Biden urged to prioritise construction training and legal immigration as vacancies soar

February saw the highest number of construction vacancies ever recorded for the month (Scott Blake/Unsplash)
Amid ongoing labour shortages in the booming US construction market, employers body the Associated General Contractors of America (AGC) has urged the federal government to “narrow the substantial gap” between what it spends on training for construction and what it spends “urging most students to go to college and work in an office environment”.

The AGC also urged Congress and the Biden administration to find ways to allow more people to enter the country legally who are qualified to work in construction.

“Based on funding levels and immigration policy, the federal government is discouraging American workers from pursuing construction careers while refusing to welcome those born elsewhere,” said Jeffrey Shoaf, the association’s chief executive officer.

“We need an all-of-the-above instead of a none-of-the-above approach when it comes to encouraging more people to pursue the many high-paying construction career opportunities that are available today.”

Shortages ‘undermining growth’

The construction industry added 39,000 jobs in March, the most since January 2023, according to AGC’s analysis of government data.

The gains were in all five types of residential and nonresidential construction the AGC tracks.

The association noted that a federal report released earlier showed there were 414,000 job openings at the end of February, the highest number of open positions ever recorded for the month.
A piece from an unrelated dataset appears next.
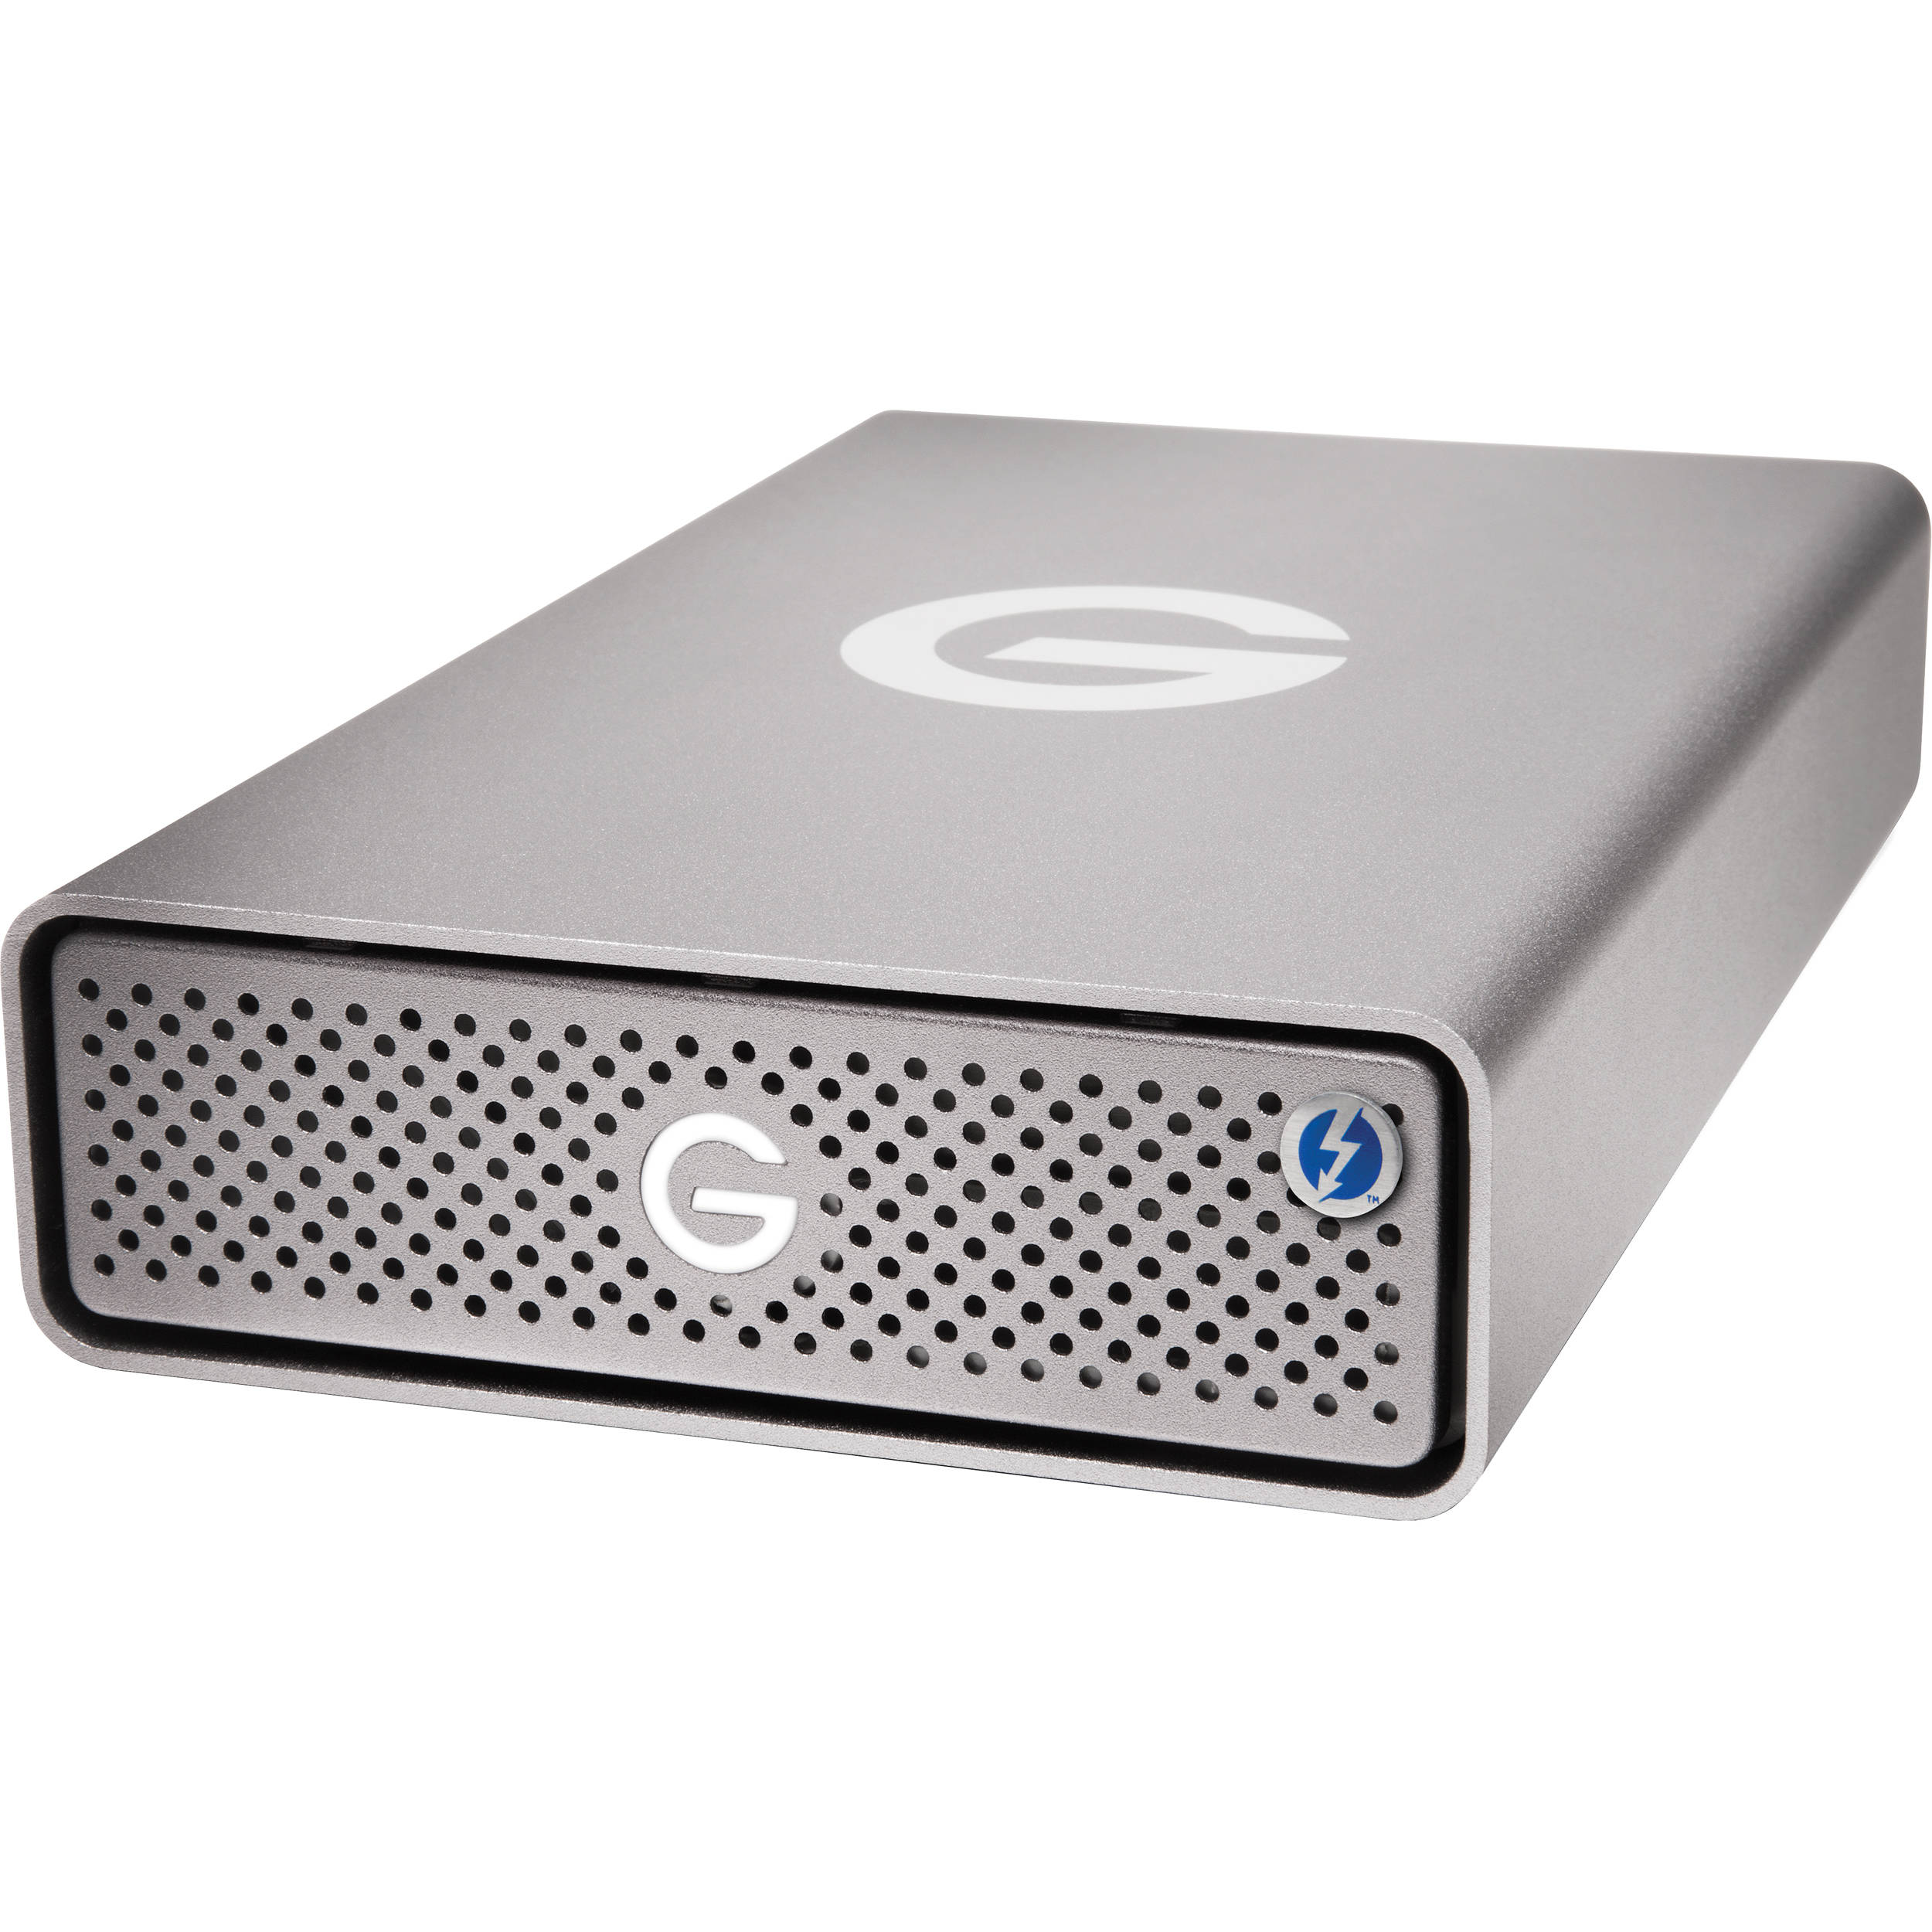 Https C Product 1408352 Reg Kotak Dvd Double 9mm Gt Pro G Technology 0g10275 960gb Drive Ssd 1408126

It said “significant” labour shortages were undermining broader growth in the sector and making it harder for firms to take on new projects and complete existing ones on schedule.

“All types of construction firms were hiring in March,” said Ken Simonson, the association’s chief economist. “But the record number of construction job openings at the end of February indicates contractors would have hired even more workers if they were available to keep pace with demand.”

414,000 vacancies in February

Construction employment in March totalled 8,211,000, seasonally adjusted, a gain of 39,000 from the upwardly revised February total, the AGC said.

The sector has added 270,000 jobs during the past 12 months, a 3.4 percent increase.

Residential builders added 5,500 employees in March, while residential specialty trade contractors added 8,900.

Employment rose as well among nonresidential construction firms, by 2,300 at building construction firms, 16,300 at specialty trade contractors, and 6,000 at heavy and civil engineering construction firms.

Average hourly earnings for production and nonsupervisory employees in construction climbed by 4.9% over the year to $35.42 per hour.